Quickly freaking myself the fuck out, I came across a restaurant that had Michelin recommendation stickers in the window which immediately distracted me. Mmmmm food! Oh right, I’m still hopelessly lost and about to get murdered. Despite being closed, across the street there was a hotel which I optimistically entered hoping they would let me use their wifi to update my map.
And while the concierge refused me wifi access he was happy to help me try to find my hostel – except he had never heard of it and couldn’t find it on the map even after I gave him the address. Fortunately, he was able to place a call to the hostel and ask them for directions. Ten minutes, lots of circles and lines on a map later I was on my way with the instructions “It is very close to here – if you don’t get lost,” which seemed to be tacked on there for the effect of an ominous warning that I would inevitably get lost again. Which I obviously did.
About 5 minutes after restarting my journey I was standing in another dark alley way staring hopelessly at a map trying to keep my suitcase from falling over. An older drunk Italian man walked past me, then doubled back. My sympathetic nervous system started prepping me for fight or flight, when the fairly innocuous man asked me in broken English if I was lost and needed help. I showed him the map and pointed out my destination. “Dove qui?” I asked him wondering if he could at least tell me where I am. He stared at the map quizzically for a minute before saying, “sorry” and walking back off. Well that’s 2/2 locals that couldn’t tell me where the fuck I was or where I was going, leading me to believe that either Venice is impossible or my hostel didn’t exist. Both seemed to be equally viable options.

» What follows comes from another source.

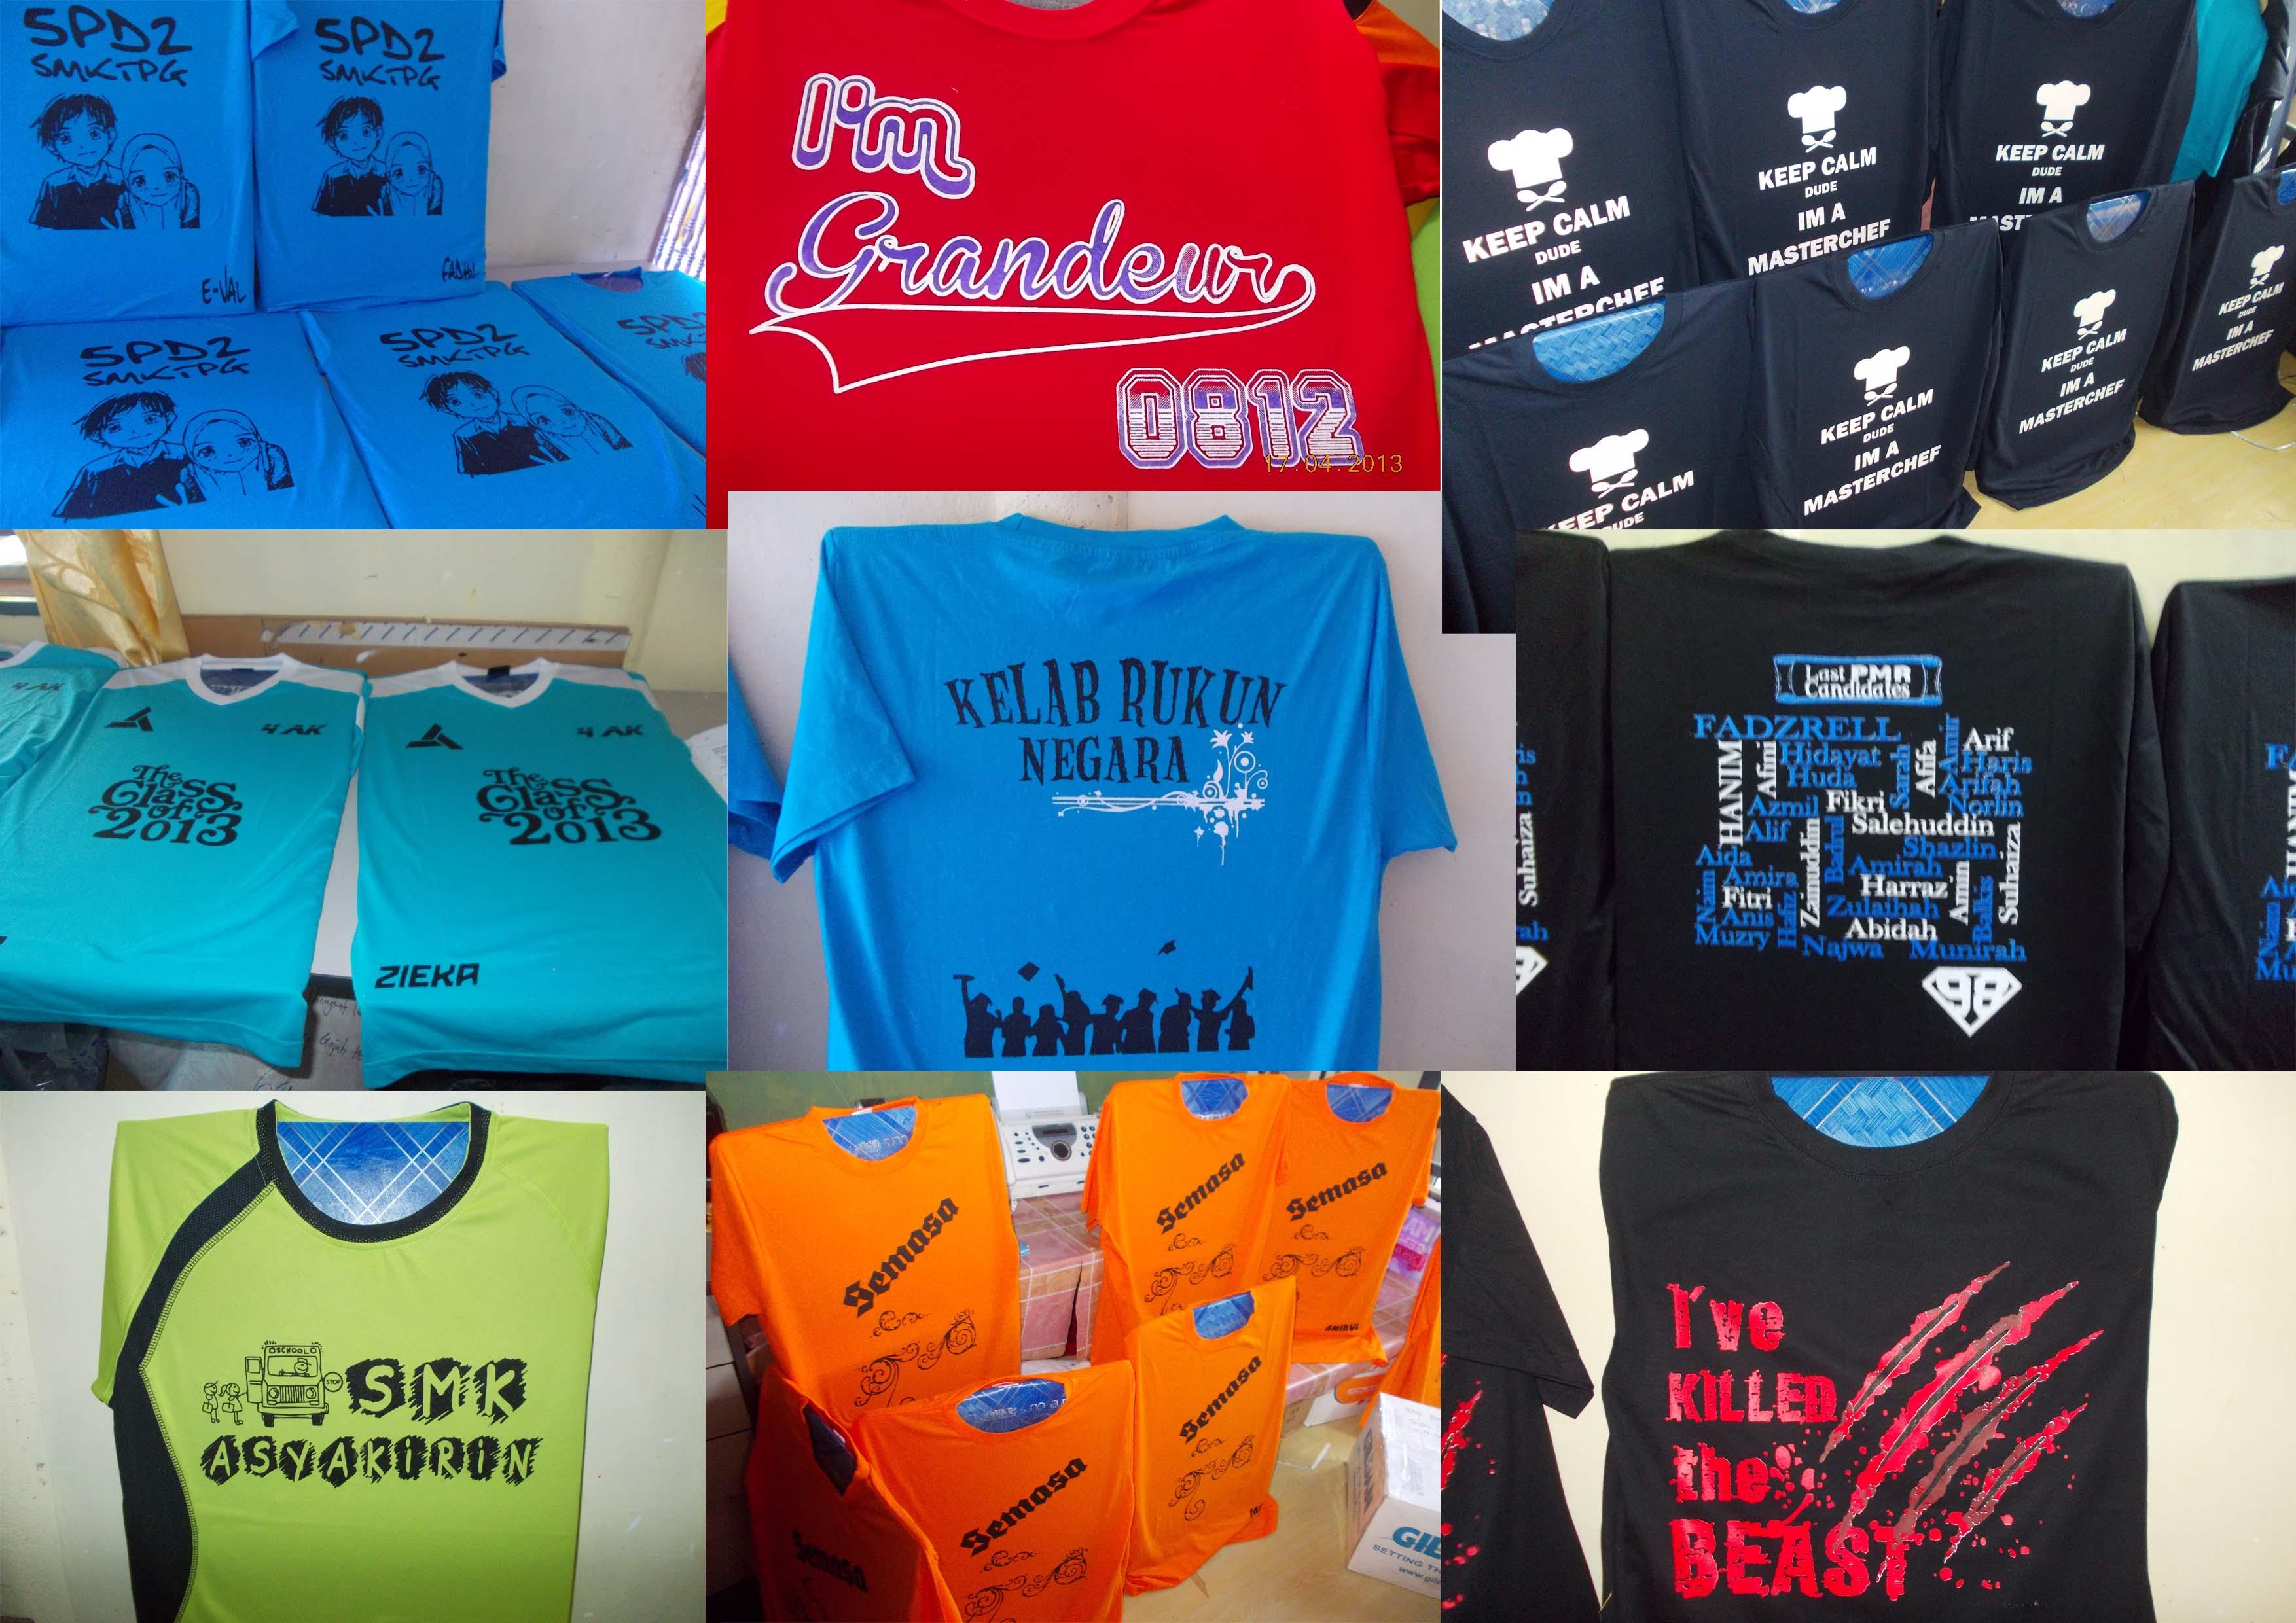 Contoh design tshirt kelas - Klik Sini Untuk Pelbagai Contoh Tshirt Siap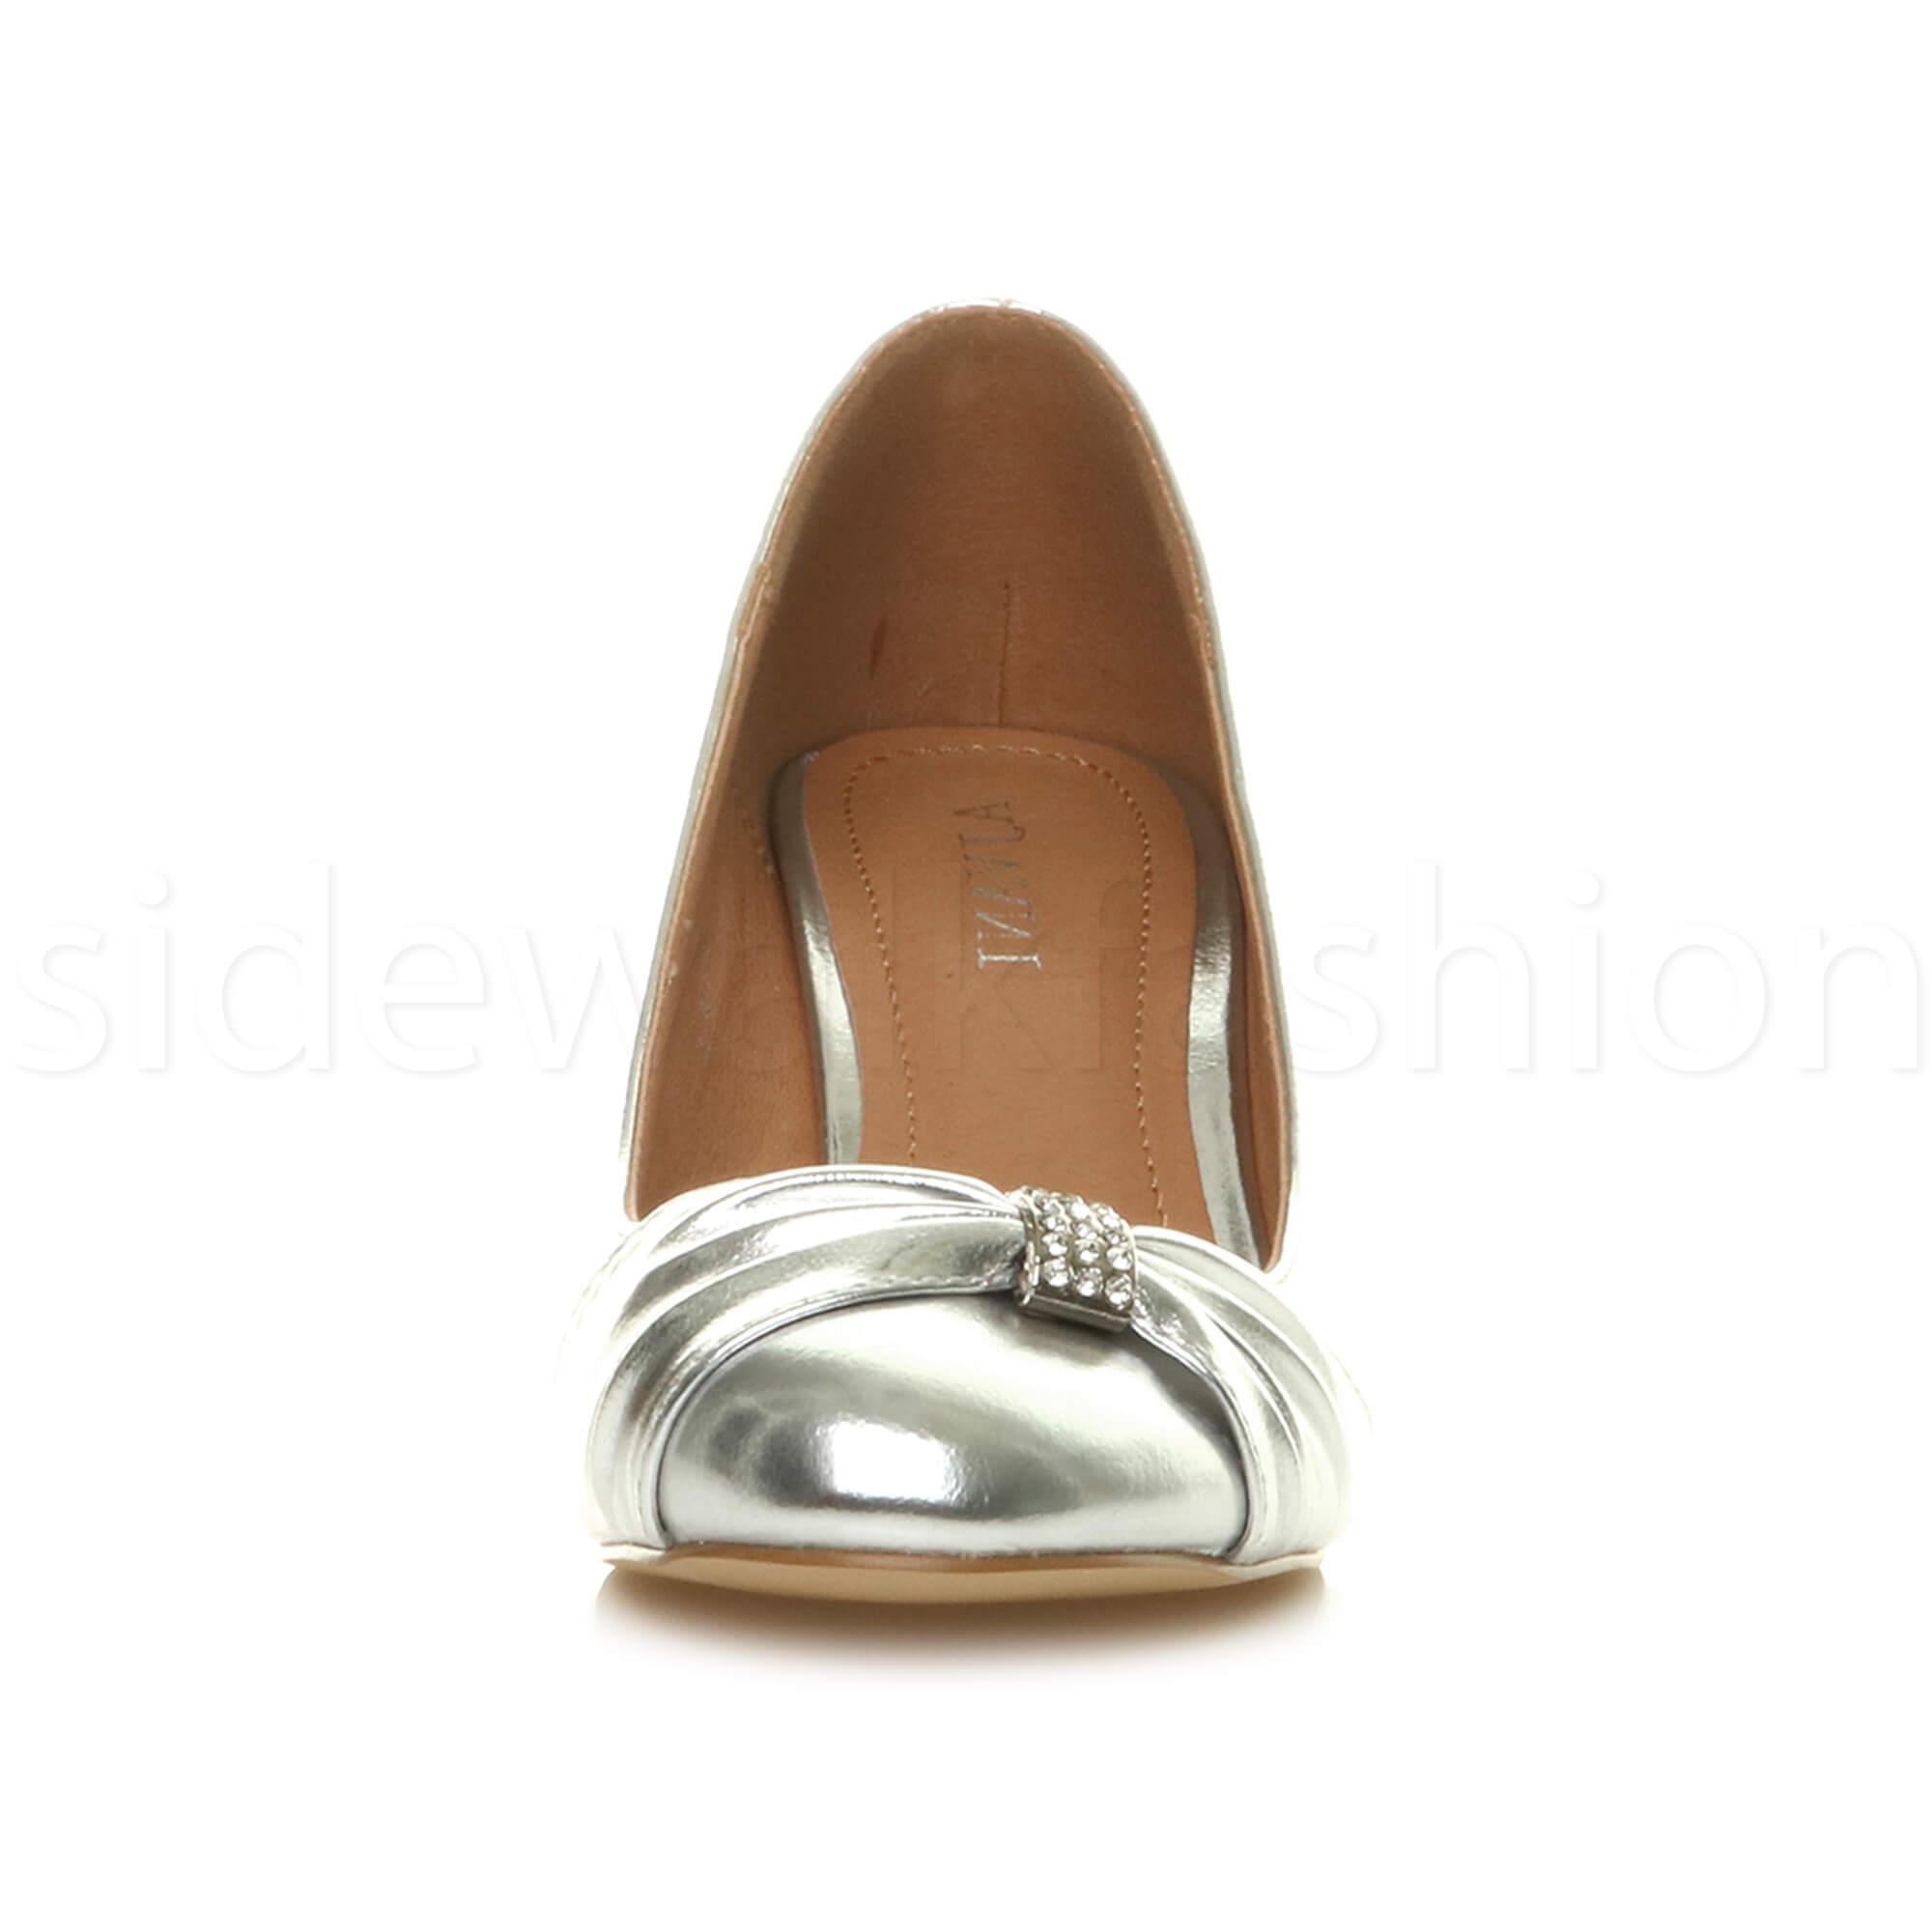 Womens-ladies-low-mid-heel-diamante-party-smart-evening-court-shoes-size thumbnail 87

With google maps being useless, and only a tangible map with street names in front of me I started trying to move my finger along the map as I walked to simulate a more technologically advanced map with location services. Even if it was far from perfect, I hoped it gave me some idea of where I was. And gave me an idea of exactly how addicted I am to technology. Fortunately at some point, I crossed a canal that was labeled and findable on the map. Hallelujah. Several minutes later I arrived on the mostly dead street where my hostel was located.
I walked to the fourth floor (or third floor by European standards) on a winding staircase whose steps were smaller than my shoes, dragging my deadweight 26 lb (12kg) suitcase. Panting and sweating I asked to check in and was promptly shown to my room where another girl was on her computer. She looked at me, and as I raised my hand to wave she looked away completely disinterested without so much as a nod of hello. Love female travelers.
And despite being on a budget, I felt that getting lost for an hour while dragging a suitcase through dark and treacherous alleyways, only to be greeted by a terrible staircase, and an unfriendly roommate, meant I could eat whatever the hell I wanted for dinner. So I did. And got myself some nice wine while I was at it. Fat kid at heart.
Moral of the Story: It’s worth it to get a data plan just to use a map to navigate Venice streets if you’re not too fond of getting lost in the dark.